The seasonal numbers reported (in the form of HSPF) is usually like 2.5 COP (if I recall correctly… I use the Canadian scores, which I believe adjust downward, dividing by 1.15 vs the US numbers for whatever zone North Carolina is in I believe). So 2.5 / 3 = 83.3% source to site efficiency averaged over a year maybe?

So… it would have been a LOT better to burn some natural gas or propane right at your house at 90% efficiency. You’d be 90% source to site efficiency!

Or wood! Or sun!

9. Vacation set backs. Unless I am missing something, the lowest the heat settings go on our mitsubishi system goes is 59F. What?!!!!! I would set back my house temp to 45F if I were away if I could! Maybe (I can figure out a way to fool it, like one can with a typical thermostat with those 15F setback timers you can control via X10.) What a hassle though!

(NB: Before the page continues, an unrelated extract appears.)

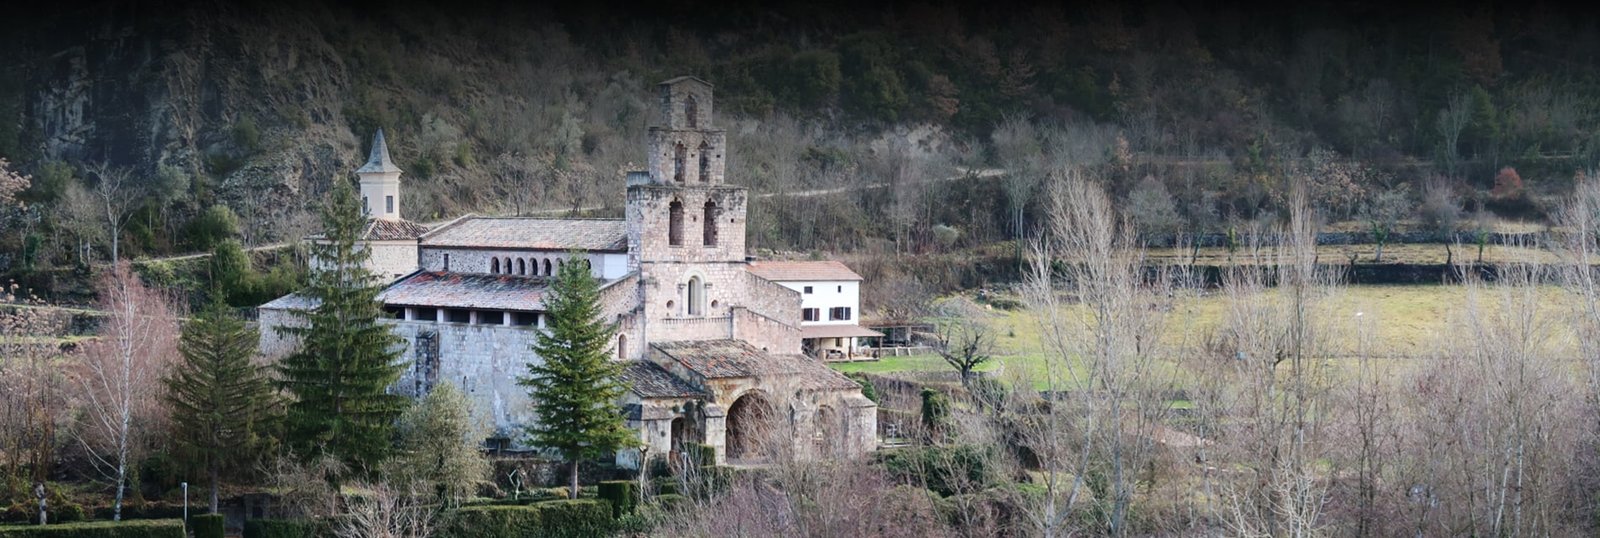 Monasterio de Santa Maria de Geri de la Sal header - Origenes de Europa

10. Oversizing for design temps. I think the 90-something design temp is 6F for our area. And according to manuals, our system is only operating at roughly 30% of rated capacity at that temp. So either you have to oversize, or use some back up heaters — electric radiators seem to be what I hear people use. Or wee have a few small plug-in heaters.

11. Wet clothes after playing in the snow. How do you get them dry? In a typical northern house, I would put them on a radiator or forced-hot-air vent, in the boiler room, in front of the wood stove, etc.
Those don’t exist in this house! And we axed the clothes dryer too! I guess this is where one of those bathroom towel-dryers comes in handy. Or we use a typical dehumidifier in our big mudroom closet. Works ok. But still, just sayin! You can get floor models for air-source heat pumps I guess. Maybe that would do the trick. But that takes up more space.

12. Anything I’m missing? Let me know!

Heating with Oil or Gas: What’s to Like?
We may not like it, but heating with oil or gas is really convenient.

Is Radiant Floor Heat Really the Best Option?


** (from our MXZ-4B36NA service manual PDF)

If moisture gets into the refrigerant cycle, or when refrigerant is liquefied and collected in the compressor, it may interfere
the start-up of the compressor.
To improve start-up condition, the compressor is energized even while it is not operating.
This is to generate heat at the winding.
The compressor uses about 50 W when pre-heat control is turned ON.
Pre-heat control is ON at initial setting.